The invention provides an image processing method, which comprises the following steps: S1) carrying out smoothing and sharpening processing on an image and emphasizing the relation between a pixel and adjacent pixels around; S2) carrying out Fourier transform on the image processed in the S1), then, carrying out filtering on frequency spectrum in a frequency domain image obtained after transform, and determining a filtering mode according to image data requirements; S3) defining image global information comprising a target image and a background region, wherein the target image and the background region are divided through a closed curve, determining a mean grey value of the target image and the background region, and separating boundary between the target image and the background region through the mean grey value of the target image and the background region. The image processing method can realize adaptive stop of image segmentation, and realize level set model evolution and carry out segmentation on gray uneven images and noise images.

Description

A kind of image processing method
Technical field
The invention belongs to technical field of image processing, particularly to a kind of image processing method.
Background technology
At present, the development calculating with scientific information, occurs big in each field of engineering technology (as medical science, military affairs etc.) The digital picture (including contrastographic picture, infrared image etc.) of amount, it is desirable to have effect, the useful letter quickly extracting in digital picture Breath, therefore image segmentation, target's feature-extraction become highly important research topic.Image segmentation side based on partial differential equation Method (geometric active contour model) is a kind of effective image partition method.Its basic thought is: level set function is in partial differential Developed under the control of equation, the zero level collection of Numerical Solution of Partial Differential Equation is exactly the segmentation result of image object.If drilled The method changing the energy functional that partial differential equation are by minimizing level set function obtains, and this method is referred to as variation level Diversity method.
But, current image procossing change level diversity method, it is difficult to the self adaptation realizing image segmentation stops, leading to figure As the skeleton pattern of segmentation is not enough.
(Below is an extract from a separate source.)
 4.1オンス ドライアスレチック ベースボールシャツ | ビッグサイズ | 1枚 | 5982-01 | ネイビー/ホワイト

Therefore, need now a kind of image processing method badly, the self adaptation being capable of image segmentation stops, and effectively will Level set movements model is split to gray scale inequality image and noise image.
Content of the invention
The present invention proposes a kind of image processing method, solves change level diversity method in prior art it is difficult to realization figure Self adaptation as segmentation stops, and leads to the not enough problem of the skeleton pattern of image segmentation.
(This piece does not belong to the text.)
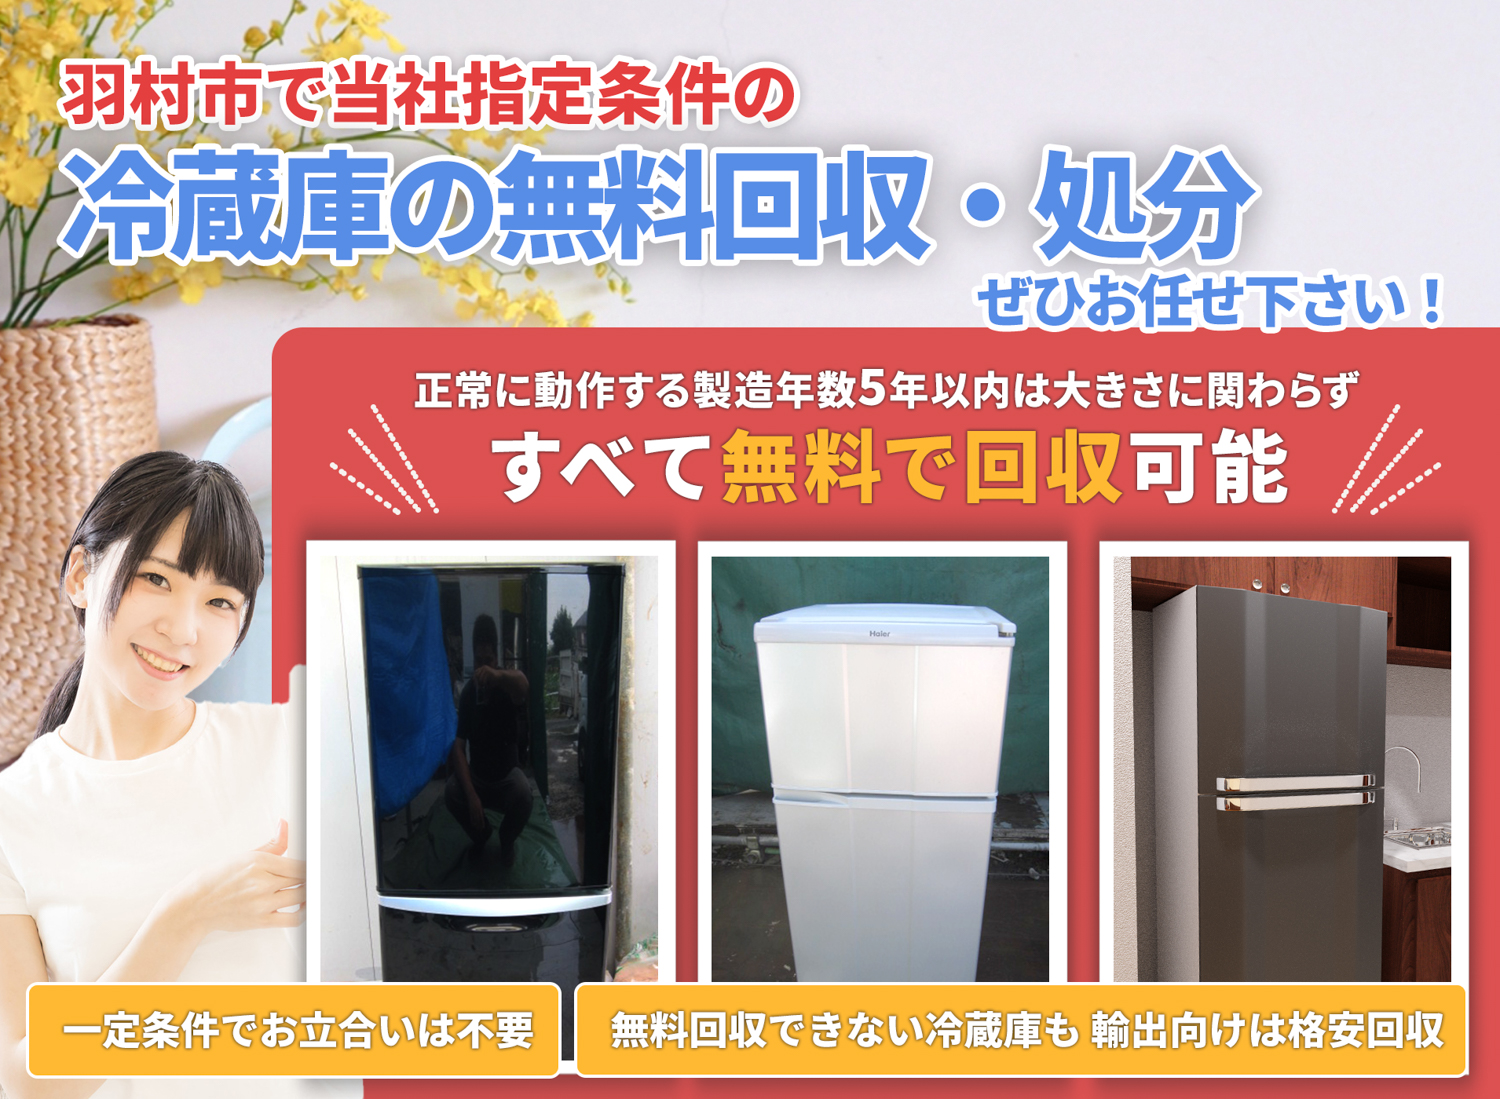 羽村市のサービスで地域一番を目指す冷蔵庫無料回収処分隊の冷蔵庫無料回収サービス

The technical scheme is that and be achieved in that: image processing method, comprise the steps:
S1: image is carried out with smooth and Edge contrast, emphasizes the relation of pixel and surrounding neighbor;
S2: the image after s1 is processed carries out Fourier transformation, then the frequency spectrum in the frequency area image after conversion is carried out Filtering, requires according to view data, determines filtering mode;
S3: definition includes the image global information of target image and background area is logical between target image and background area Cross closed curve to divide, determine the average gray of target image and background area, average by target image and background area Gray scale, isolates the border between target image and background area.
As one kind preferred embodiment, filtering mode is medium filtering, by each pixel several pixels of surrounding Averaging operation.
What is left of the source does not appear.